JWT authentication for multi-user APIs

API keys work for service-to-service auth. For user-facing APIs with multiple roles, use JWT.

from fastapi.security import OAuth2PasswordBearer
from jose import JWTError, jwt
from datetime import datetime, timedelta

SECRET_KEY = os.getenv("JWT_SECRET_KEY")
ALGORITHM  = "HS256"

oauth2_scheme = OAuth2PasswordBearer(tokenUrl="/auth/token")

def create_access_token(data: dict, expires_delta: timedelta = timedelta(hours=1)):
    payload = data.copy()
    payload["exp"] = datetime.utcnow() + expires_delta
    return jwt.encode(payload, SECRET_KEY, algorithm=ALGORITHM)

def get_current_user(token: str = Depends(oauth2_scheme)):
    try:
        payload = jwt.decode(token, SECRET_KEY, algorithms=[ALGORITHM])
        user_id = payload.get("sub")
        if user_id is None:
            raise HTTPException(status_code=401, detail="Invalid token")
        return user_id
    except JWTError:
        raise HTTPException(status_code=401, detail="Invalid or expired token")

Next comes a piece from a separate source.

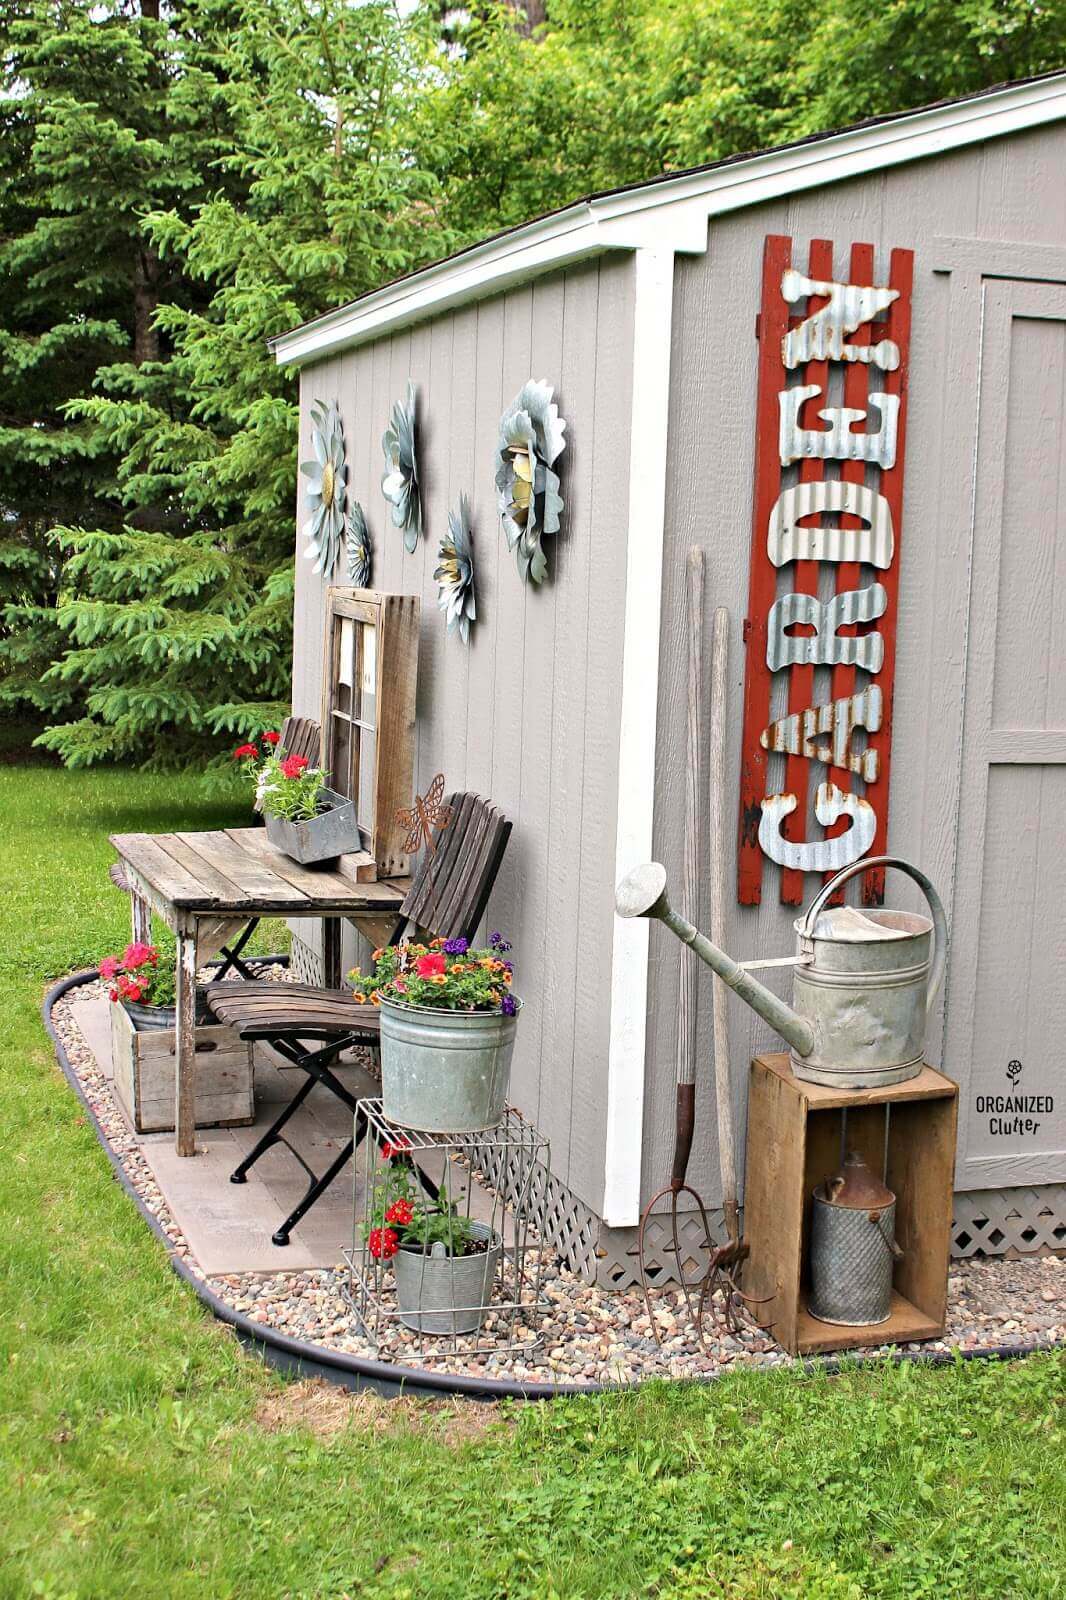 Bold Corrugated Letters on the Shed | Funny DIY Garden Sign Ideas

@app.get("/api/v1/profile")
def get_profile(user_id: str = Depends(get_current_user)):
    return {"user_id": user_id}
Enter fullscreen mode Exit fullscreen mode

Install python-jose[cryptography] for the JWT library.


Consuming External APIs Without Silent Failures

Every external API call is a failure point. The pattern that works in all my projects: a session with a retry adapter, explicit timeout, structured error handling, and logging that tells you exactly what failed and why.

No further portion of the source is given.